Disclosure of Invention
The invention provides a method for predicting physical and chemical properties of an organic matter based on Tree-LSTM, which solves the technical problems of the prior art that the prediction range is not wide, the coverage quality is not wide and the prediction precision is not high.
In order to solve the problems, the invention adopts the following technical scheme:
the method comprises the following steps: step A, generating a prediction model; step B, predicting two physical and chemical properties;
the step A comprises the following steps:
a1, acquiring experimental data of physical and chemical properties of an organic matter and molecular structure information of the organic matter, and capturing a large amount of data from various databases by utilizing a web crawler technology;
a2, normalizing the molecular structure of a single organic matter (by a normalization algorithm of a graph), traversing each atom in the single organic matter molecule and generating corresponding atomic characteristic descriptors, sequencing all the atomic characteristic descriptors of the single organic matter molecule according to a dictionary sequence, and taking the smallest atomic characteristic descriptor as a molecular characteristic descriptor;
a3, according to the step A2, generating a molecular characteristic descriptor representing each representative molecular structure standardization diagram and a corresponding linear code according to all the obtained organic molecular structures;
a4, splitting all organic molecules into various chemical bonds, arranging character strings representing the chemical bonds according to each molecule, and generating word vectors for the character strings by adopting a word embedding algorithm;
a5, building a neural network model based on Tree-LSTM, and loading the physicochemical data acquired by A1 and the molecular structure data processed by A2-A4, wherein the Tree-LSTM automatically adapts to the topological shape of the molecular structure standardization diagram.
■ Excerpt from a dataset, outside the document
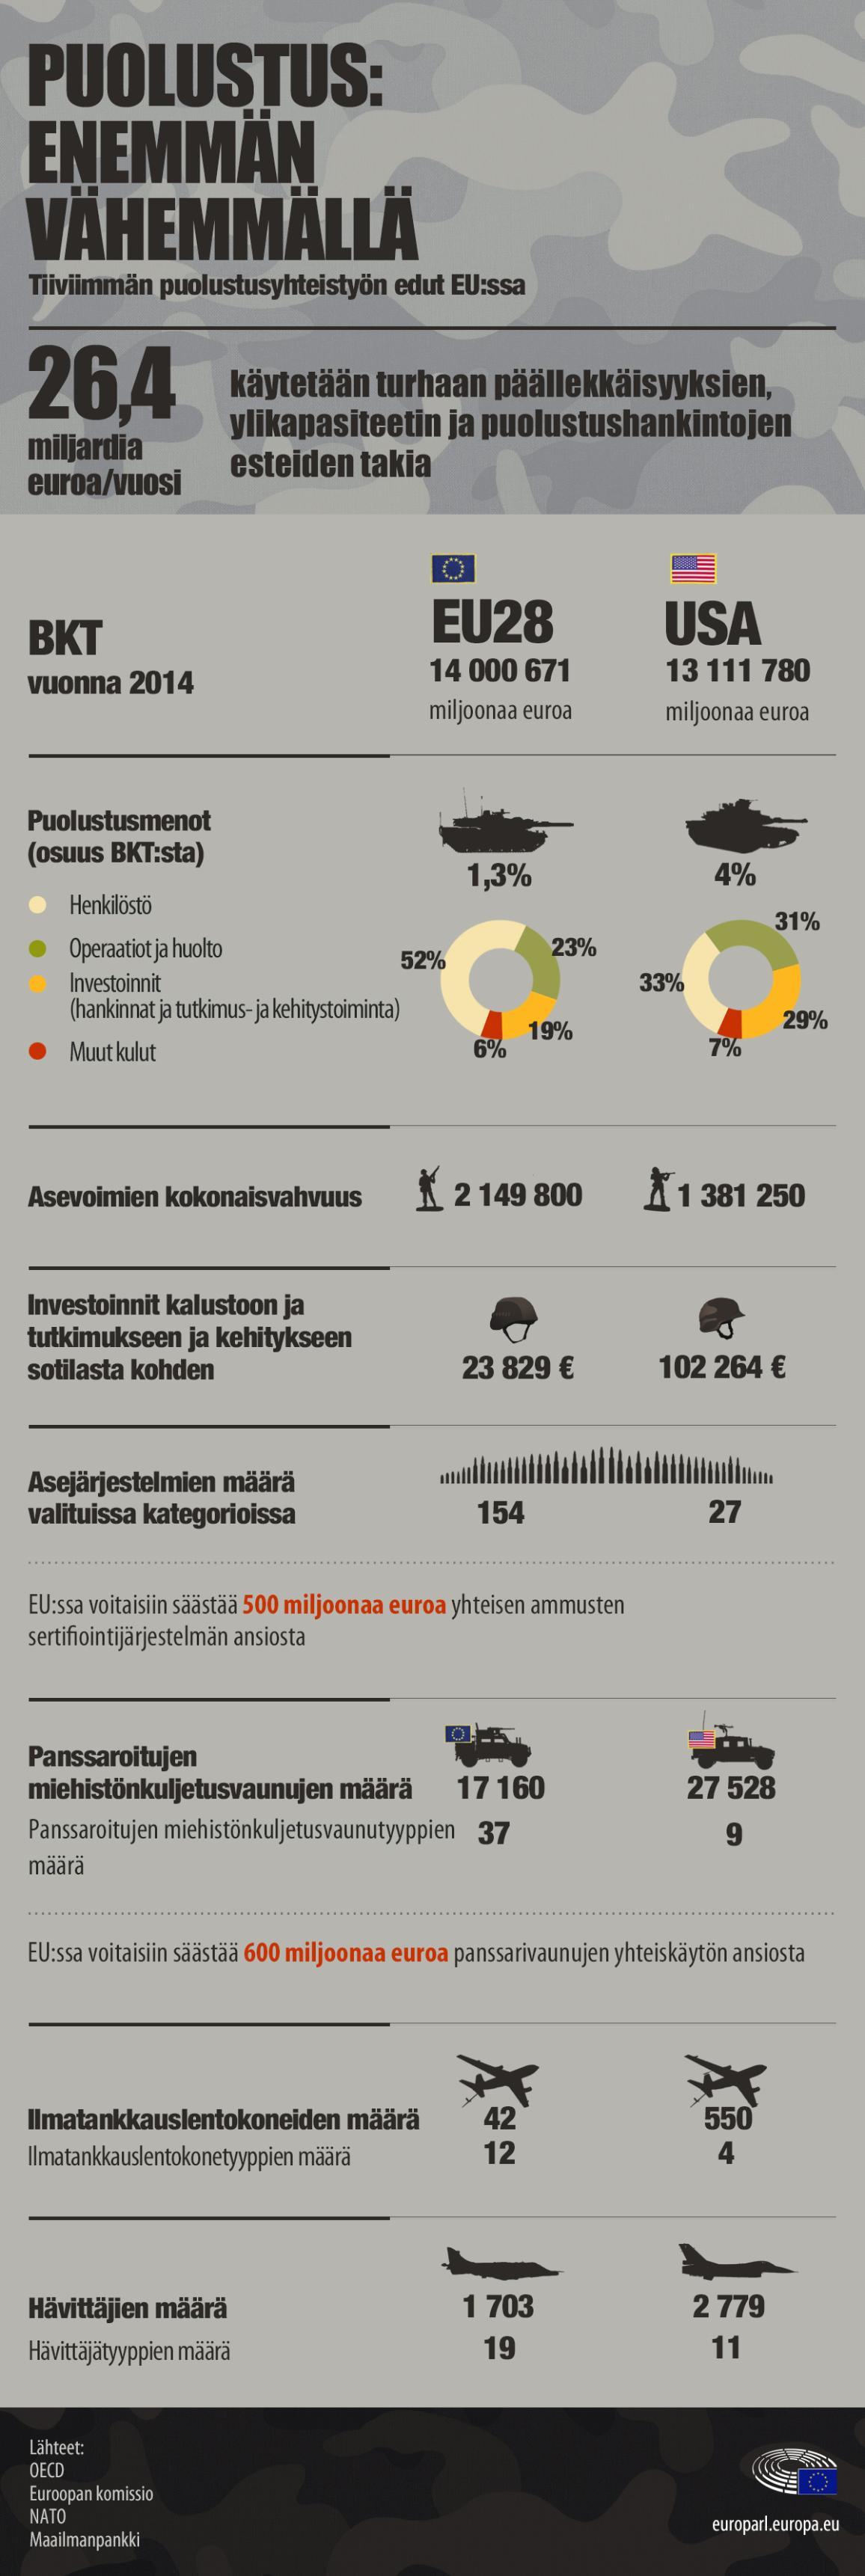 Infografiikka puolustusyhteistyön eduista EU:ssa

Manually adjusting various super parameters and training a model, and preferentially selecting parameters from the training process to obtain a Tree-LSTM-based organic matter physical and chemical prediction model;
the step B comprises the following steps:
b1, processing the organic molecular structure without experimental data of a certain physical and chemical property by adopting the steps A2-A4, loading the generated characteristic descriptor and code into a physical and chemical property prediction model obtained by A5, and inputting the data of the unknown physical and chemical property predicted by the molecular characteristic descriptor.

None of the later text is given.